* [ENTRIES SHOWN]
┌──

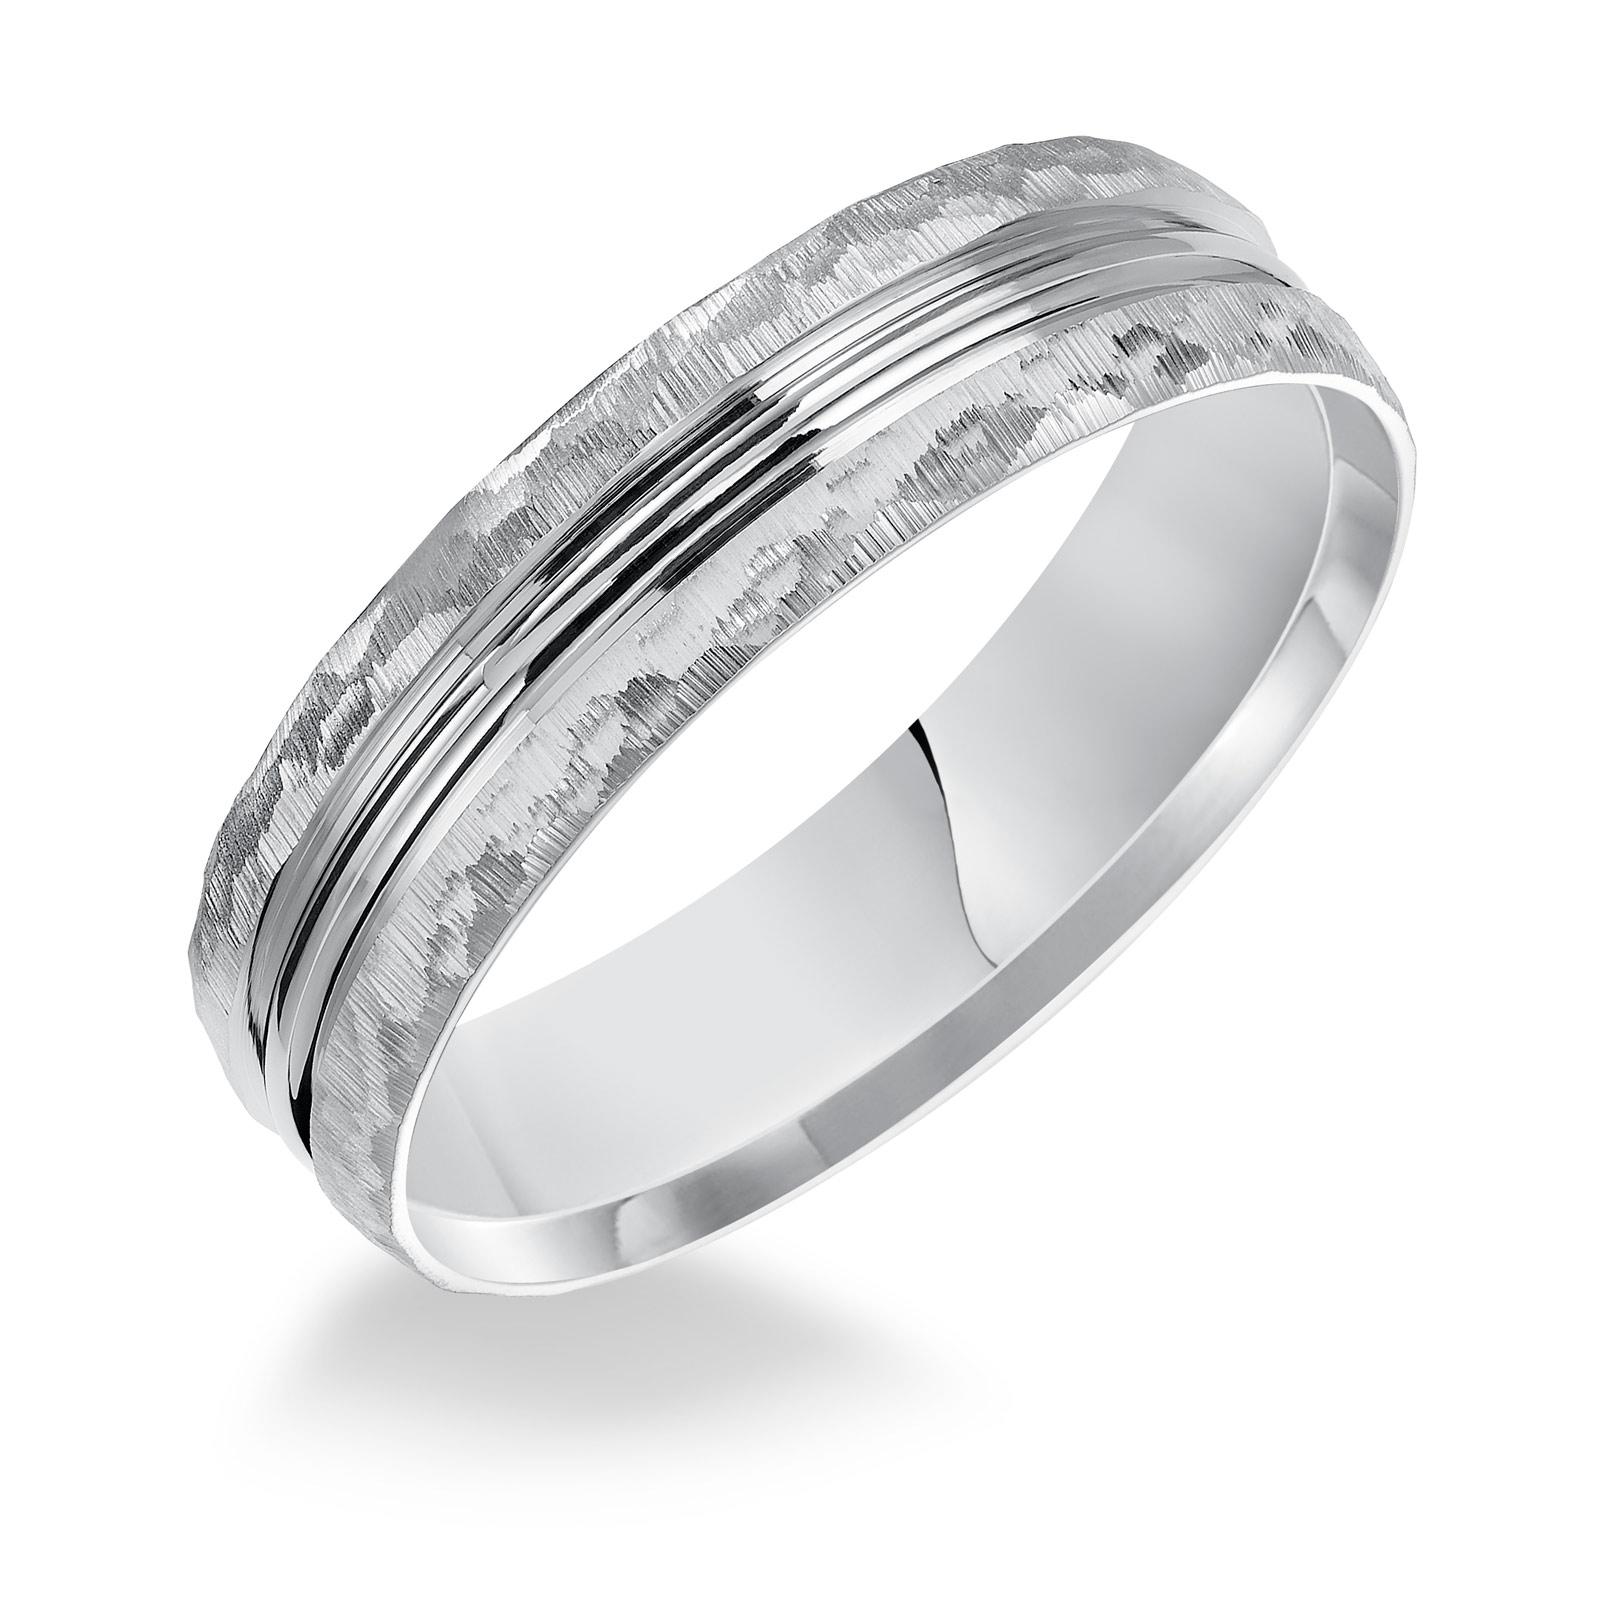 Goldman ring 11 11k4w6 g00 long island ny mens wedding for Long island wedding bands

└──
┌──

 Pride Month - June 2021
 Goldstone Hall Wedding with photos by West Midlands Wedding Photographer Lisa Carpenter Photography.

└──

* [DIRECTIONS]
From the data above, output only the lines between the line containing "Pride Month - June 2021" and the line containing "Goldstone Hall Wedding", inclusive, exactly as written.

* [ANSWER BOX]
 Pride Month - June 2021
 Goldstone Hall Wedding with photos by West Midlands Wedding Photographer Lisa Carpenter Photography.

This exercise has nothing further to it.